= Your goal =
Word for word, write the lines below out again, with no pictures.

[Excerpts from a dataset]
______

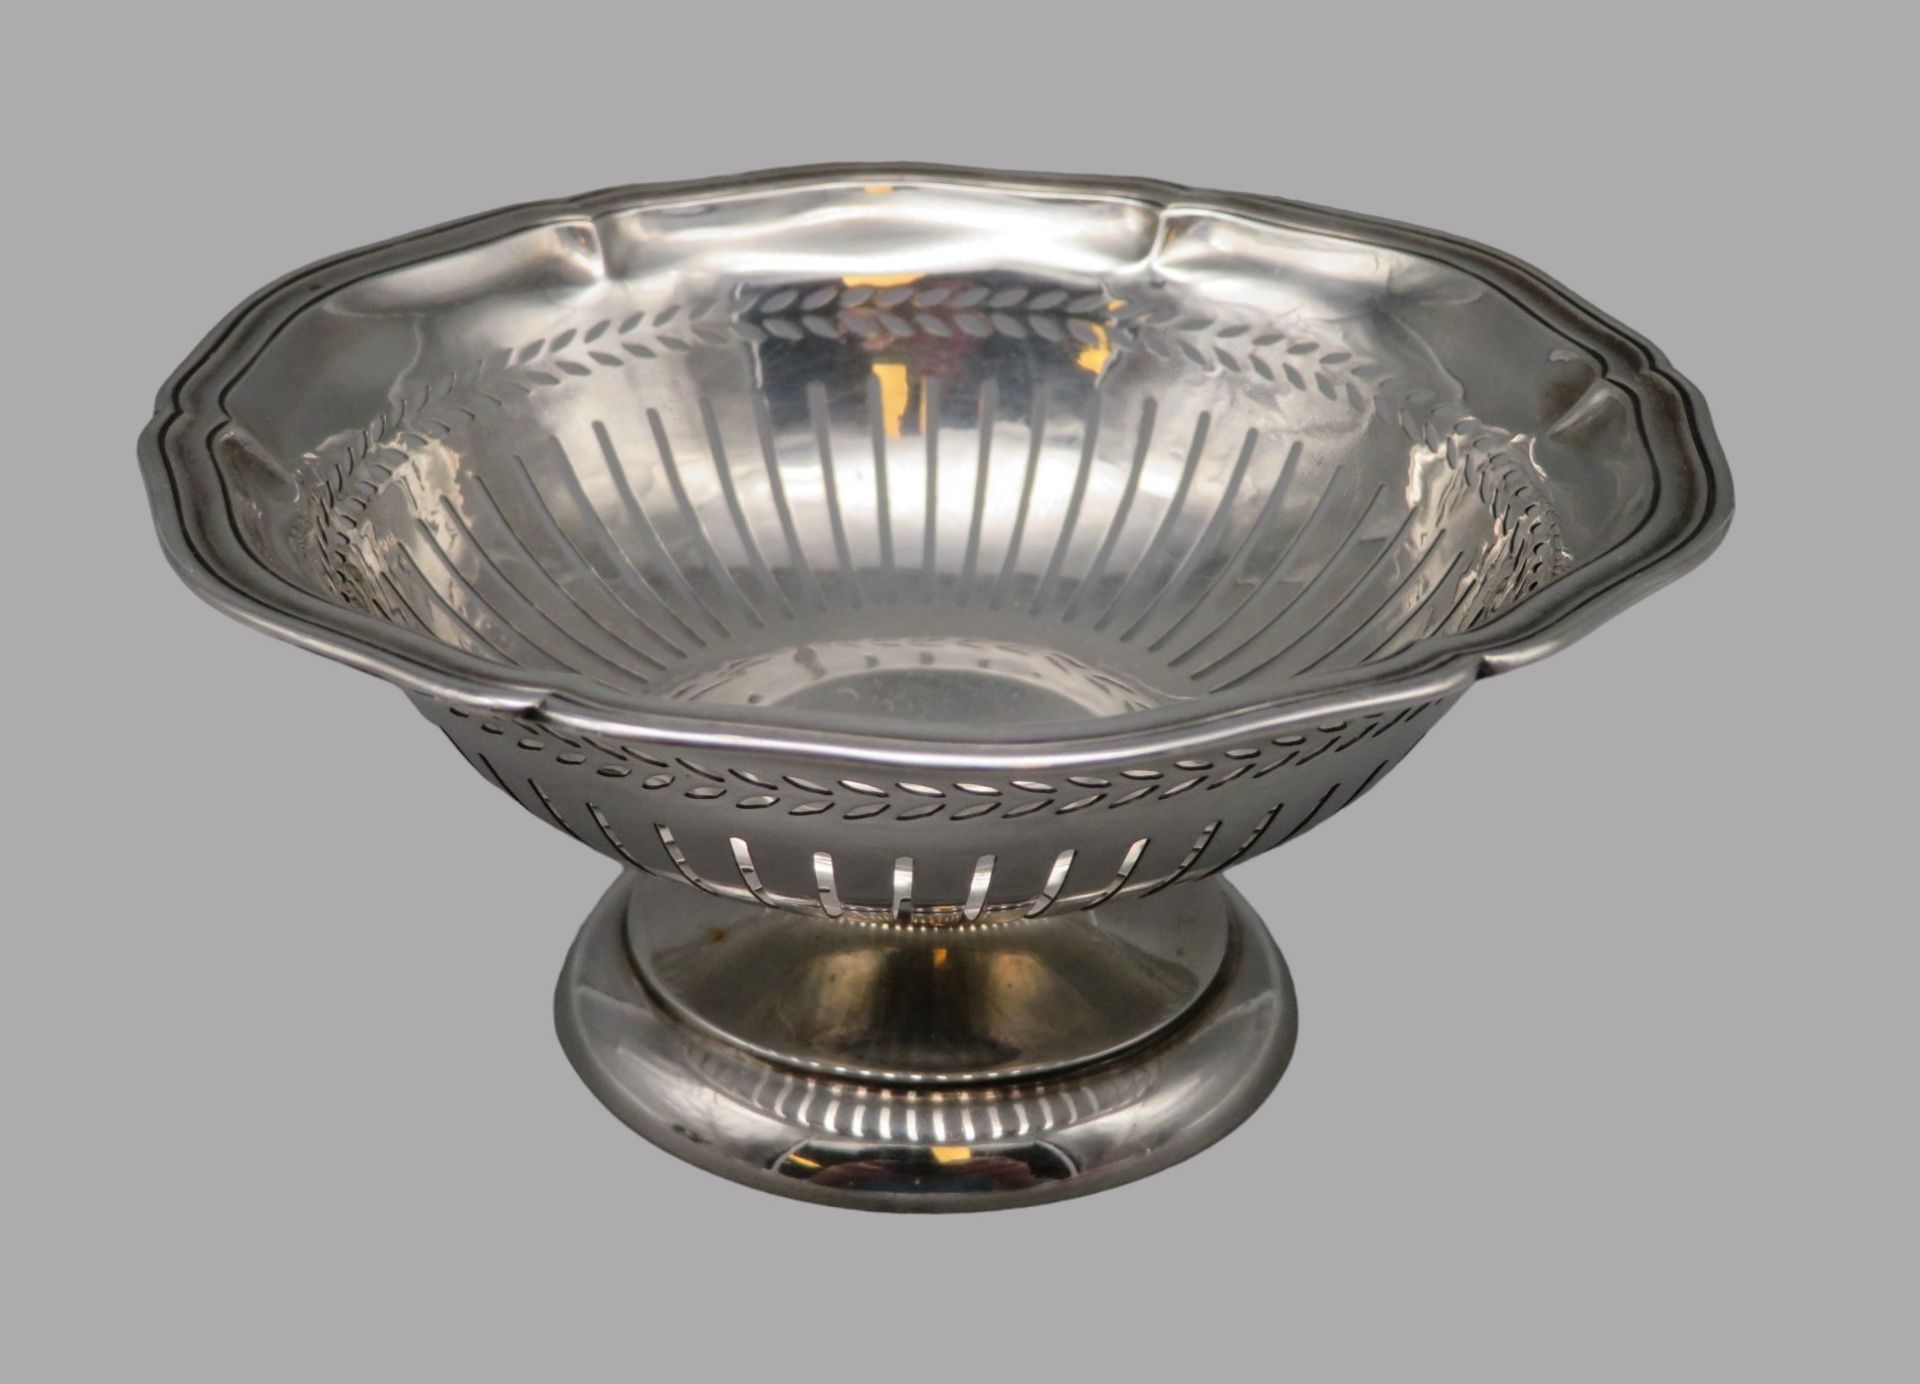 Schälchen, Deutsch, Silber 800/000, punziert, 70,6 g, h 5 cm, d 11 cm.
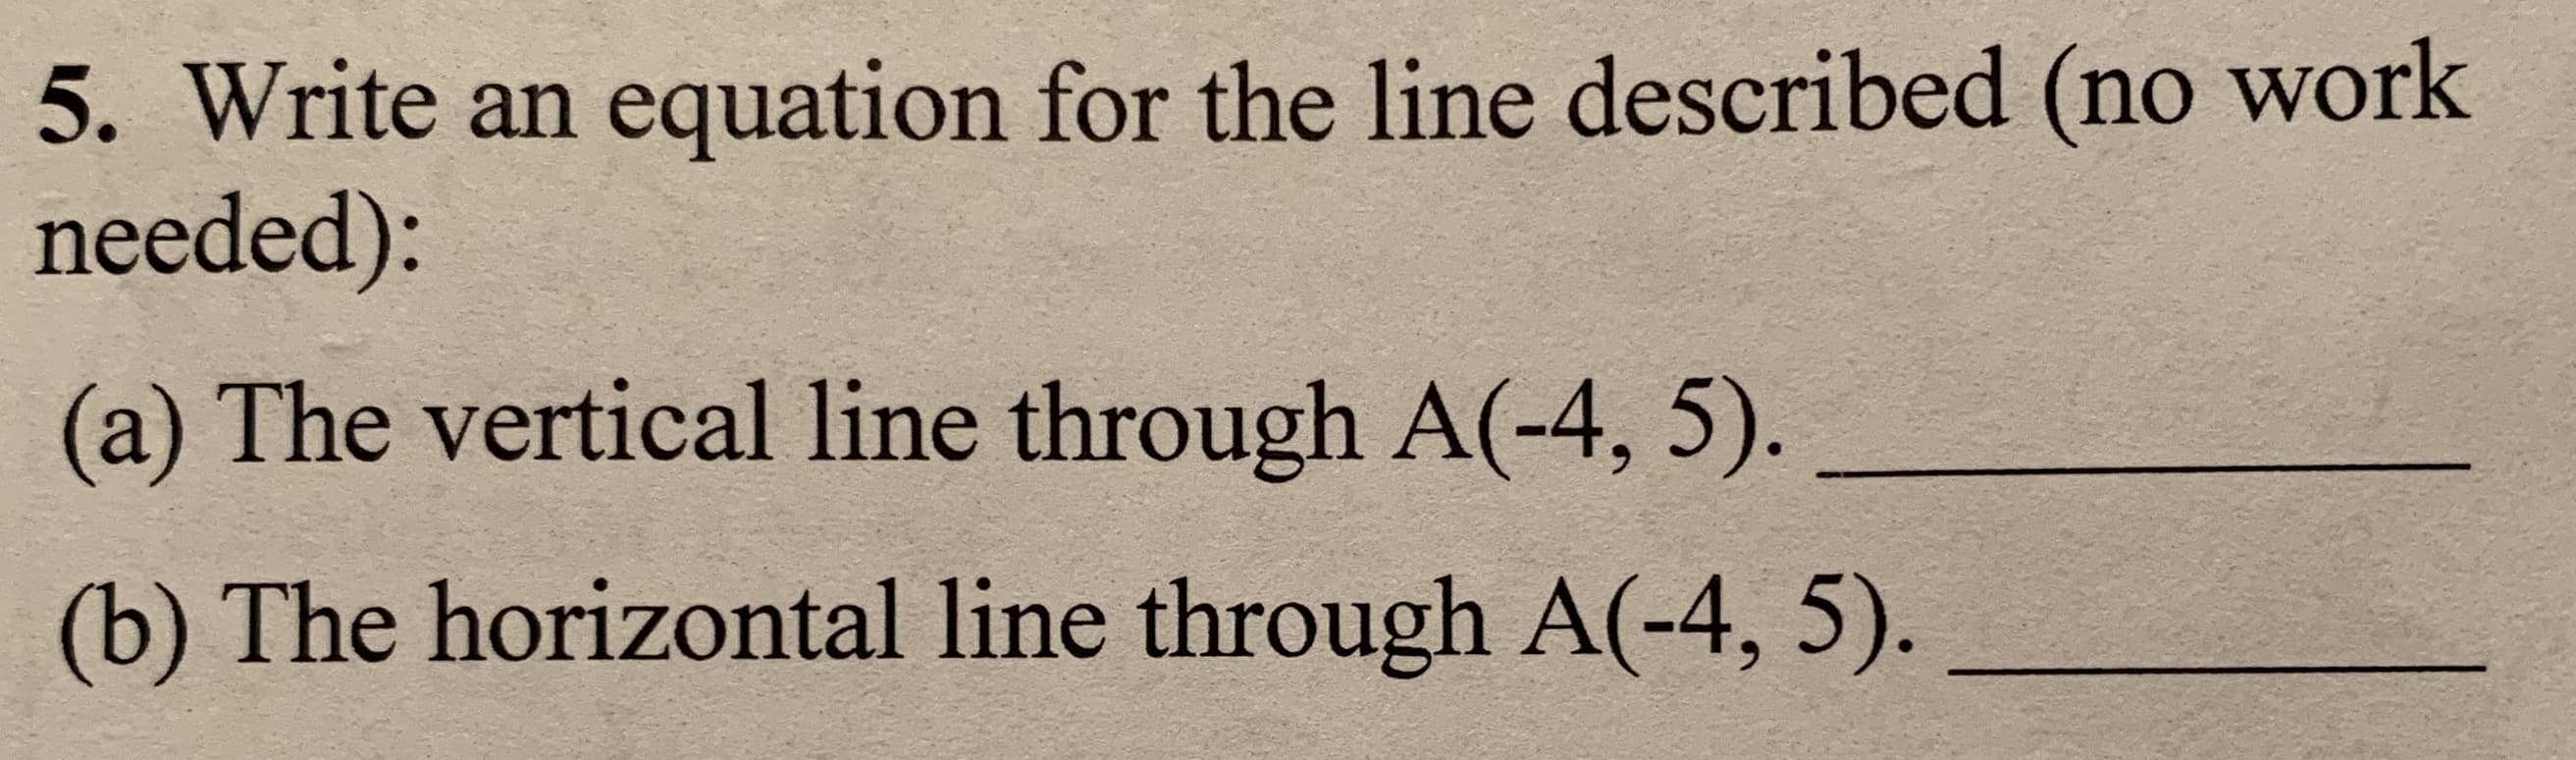 5. Write an equation for the line described (no work
needed):
(a) The vertical line through A(-4, 5).
(b) The horizontal line through A(-4, 5).

______

= Worked solution =
 Schälchen, Deutsch, Silber 800/000, punziert, 70,6 g, h 5 cm, d 11 cm.
 5. Write an equation for the line described (no work
needed):
(a) The vertical line through A(-4, 5).
(b) The horizontal line through A(-4, 5).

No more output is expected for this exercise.